A Geiger counter, also called a Geiger–Müller counter, is a type of particle detector that measures ionizing radiation. They detect the emission of nuclear radiation: alpha particles, beta particles or gamma rays. A Geiger counter detects radiation by ionization produced in a low-pressure gas in a Geiger–Müller tube. Each particle detected produces a pulse of current, but the Geiger counter cannot distinguish the energy of the source particles. Invented in 1908, Geiger counters remain popular instruments used for measurements in health, physics, industry, geology and other fields, because they can be made with simple electronic circuits. Geiger counters are used to detect ionizing radiation, usually beta particles and gamma rays, but certain models can detect alpha particles. An inert gas-filled tube (usually helium, neon or argon with halogens added) briefly conducts electricity when a particle or photon of radiation makes the gas conductive.

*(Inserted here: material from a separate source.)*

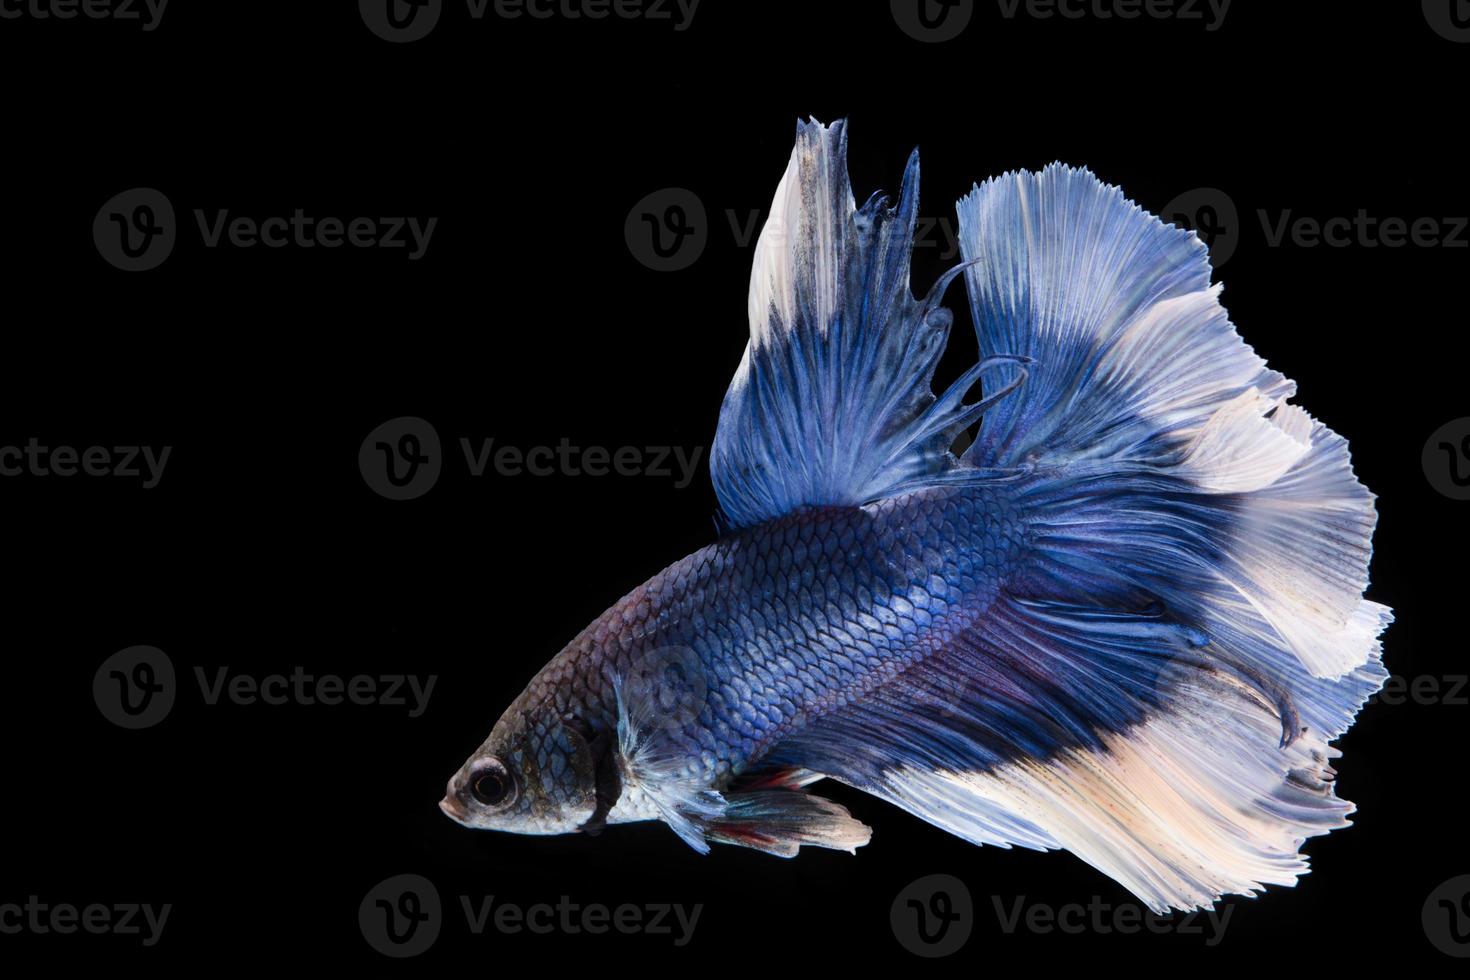 pez betta azul y blanco, pez luchador siamés sobre fondo negropez betta azul y blanco, pez luchador siamés sobre fondo negro foto

The tube amplifies this conduction by a cascade effect and outputs a current pulse, which is then often displayed by a needle or lamp and/or audible clicks. Modern instruments can report radioactivity over several orders of magnitude. Some Geiger counters can be used to detect gamma radiation, though sensitivity can be lower for high energy gamma radiation than with certain other types of detectors. The density of gas in the device is usually low, allowing most high energy gamma photons to pass through undetected. Lower energy photons are easier to detect, and are better absorbed by the detector. Examples of this are the X-ray and Beta Pancake Geiger Tube. Good alpha and beta scintillation counters also exist, but Geiger detectors are still favored as general purpose alpha/beta/gamma portable contamination and dose rate instruments, due to their low cost and robustness. A variation of the Geiger tube is used to measure neutrons, where the gas used is boron trifluoride or Helium 3 and a plastic moderator is used to slow the neutrons. This creates an alpha particle inside the detector and thus neutrons can be counted.
Types and applications
A GM instrument is one of many different types of radiation detectors. The Geiger–Müller tube is one form of a class of radiation detectors called gaseous detectors or simply gas detectors. Although useful, cheap and robust, a counter using a GM tube can only detect the presence and intensity of radiation (number of particles detected in an interval of time, as opposed to energy or wavelength). The Geiger–Müller counter has applications in the fields of nuclear physics, geophysics (mining), and medical therapy with isotopes and x-rays. Some of the proportional counters have many electrodes and are called multi-wire proportional counters or simply MWPCs.